Fulmer returned to action in 2025, beginning the year with the Triple-A Worcester Red Sox. On April 13, 2025, Boston selected Fulmer's contract, adding him to their active roster. The following day he made his Red Sox debut, allowing 3 runs in 2 2/3 innings against the Tampa Bay Rays. Fulmer was designated for assignment by Boston on April 18. He elected free agency after clearing waivers on April 20.

===Chicago Cubs (second stint)===
On April 23, 2025, Fulmer signed a minor league contract with the Chicago Cubs. He was designated for assignment on June 26 to make room on the active roster for the returning Shota Imanaga. He cleared waivers and was sent outright to the Triple-A Iowa Cubs on June 29, but elected free agency the following day.

===Kansas City Royals===
On July 3, 2025, Fulmer signed a minor league contract with the Kansas City Royals. In 15 appearances for the Triple-A Omaha Storm Chasers, he struggled to an 0–1 record and 5.89 ERA with 18 strikeouts and three saves across 18 1/3 innings pitched. Fulmer was released by the Royals on August 16.

===Seattle Mariners===
On August 19, 2025, Fulmer signed a minor league contract with the Seattle Mariners. He made 12 appearances for the Triple-A Tacoma Rainiers, recording an 0.75 ERA with 18 strikeouts and one save over 12 innings of work. Fulmer elected free agency following the season on November 6.
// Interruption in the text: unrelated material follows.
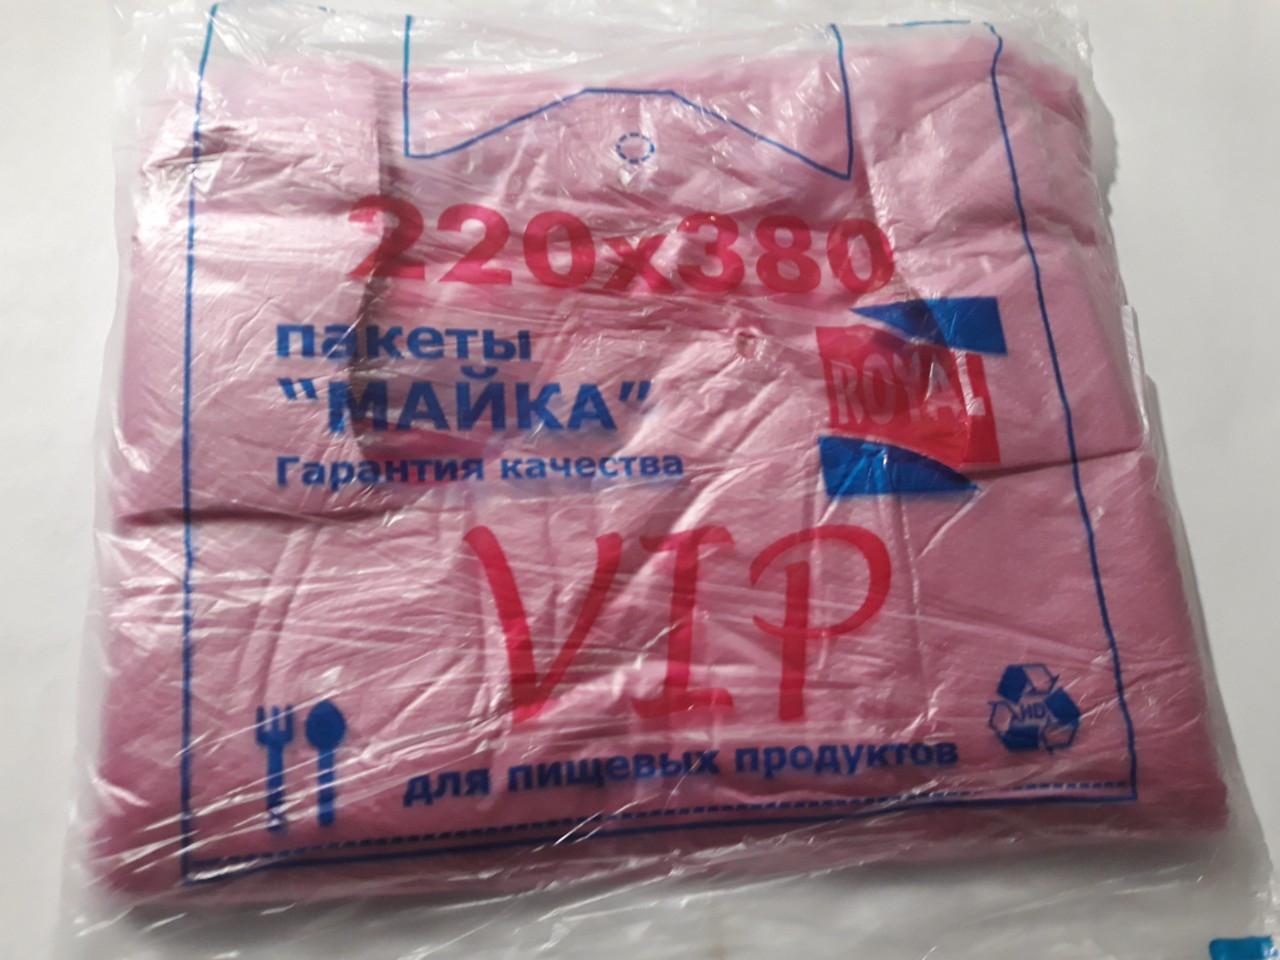 Пакет полиэтиленовый Майка VIP 220*380 мм, 200 шт/упаковка
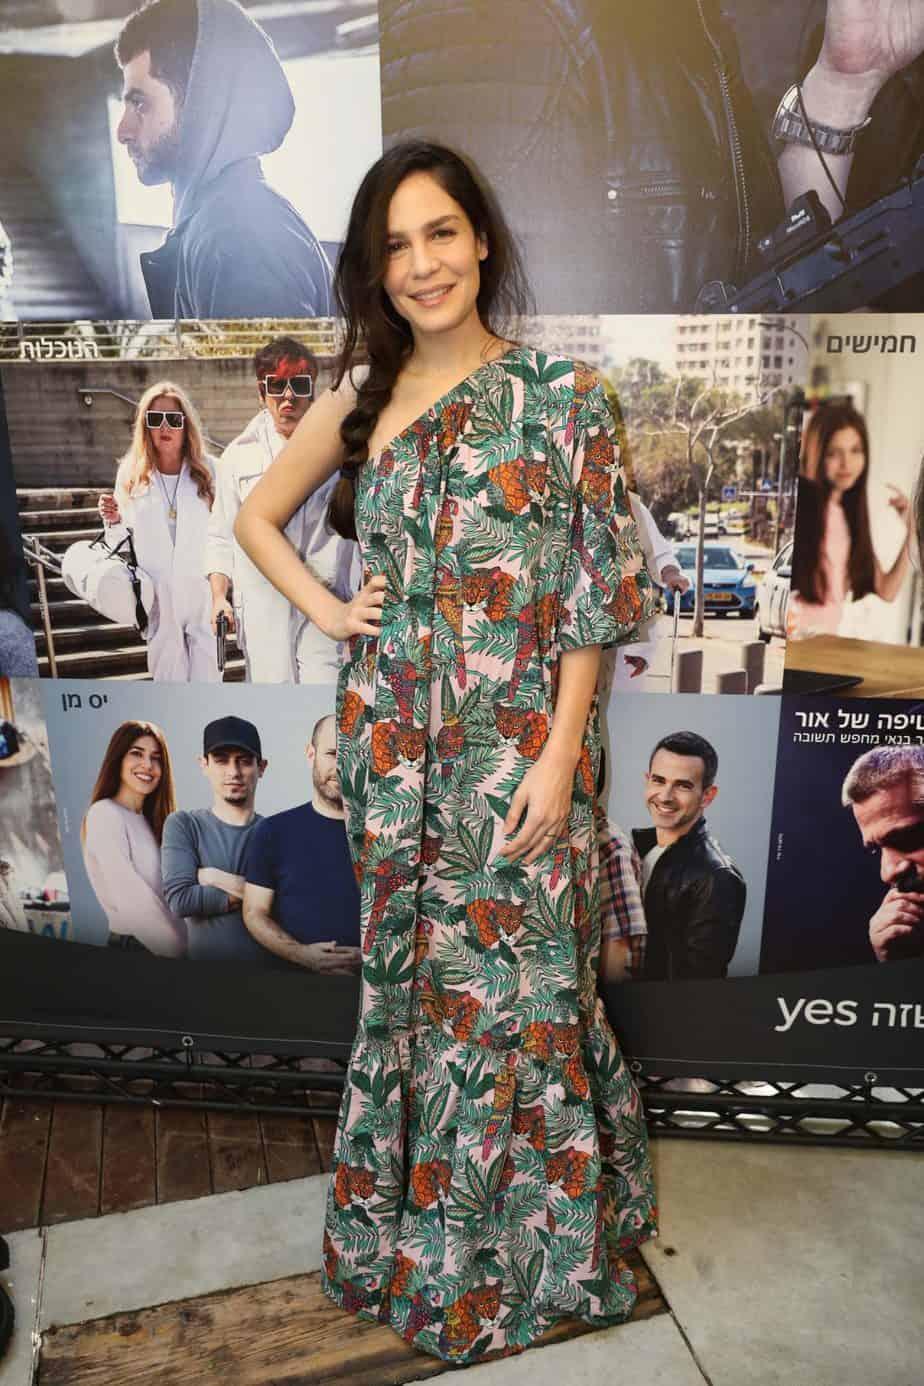 נטע גרטי: בשמלת אוף שולדרס ארוכה, מלאה בפרינטים מהג'ונגל היא ניצחה ובגדול, שאפו יקירה. צילום: רפי דלויה

===San Francisco Giants===
On February 4, 2026, Fulmer signed a minor league contract with the San Francisco Giants. He made 37 appearances for the Triple–A Sacramento River Cats, compiling a 4–2 record and 2.98 ERA with 52 strikeouts and 10 saves across 42 1/3 innings pitched. Fulmer was released by the Giants on August 4.

===Los Angeles Angels===
On August 11, 2026, Fulmer signed a minor league contract with the Los Angeles Angels. After one scoreless relief appearance with the Triple-A Salt Lake Bees, the Angels selected Fulmer's contract to the 40-man roster and promoted him to the major leagues on August 15. He made three scoreless appearances for Los Angeles, recording four strikeouts over 3 2/3 innings pitched. Fulmer was designated for assignment by the Angels on August 23. On August 25, Fulmer cleared waivers and became a free agent.

===New York Yankees===
On August 26, 2026, Fulmer signed a major league contract with the New York Yankees.

==Pitching style==
Fulmer throws hard four-seam and two-seam fastballs that average 94–97 mph (topping out at 99 mph). His offspeed pitches include a slider in the 88–93 mph (topping out at 95 mph) range, and a changeup that averages 85–88 mph (topping out at 91 mph). After struggling to a 6.52 ERA in his first four major league starts, Fulmer made an effort to throw more changeups. It became a very effective pitch for the rest of the 2016 season, with opponents hitting the pitch at only a .167 clip. In 2017, he started to throw a knuckle curve, averaging 77–80 MPH, which he had formerly thrown in high school. In 2021, Fulmer began adding velocity to his slider, throwing it at an average of 91 MPH.

==Personal life==
Fulmer married girlfriend Kelsey Miles in January 2016. He works as a plumber's assistant during the offseason.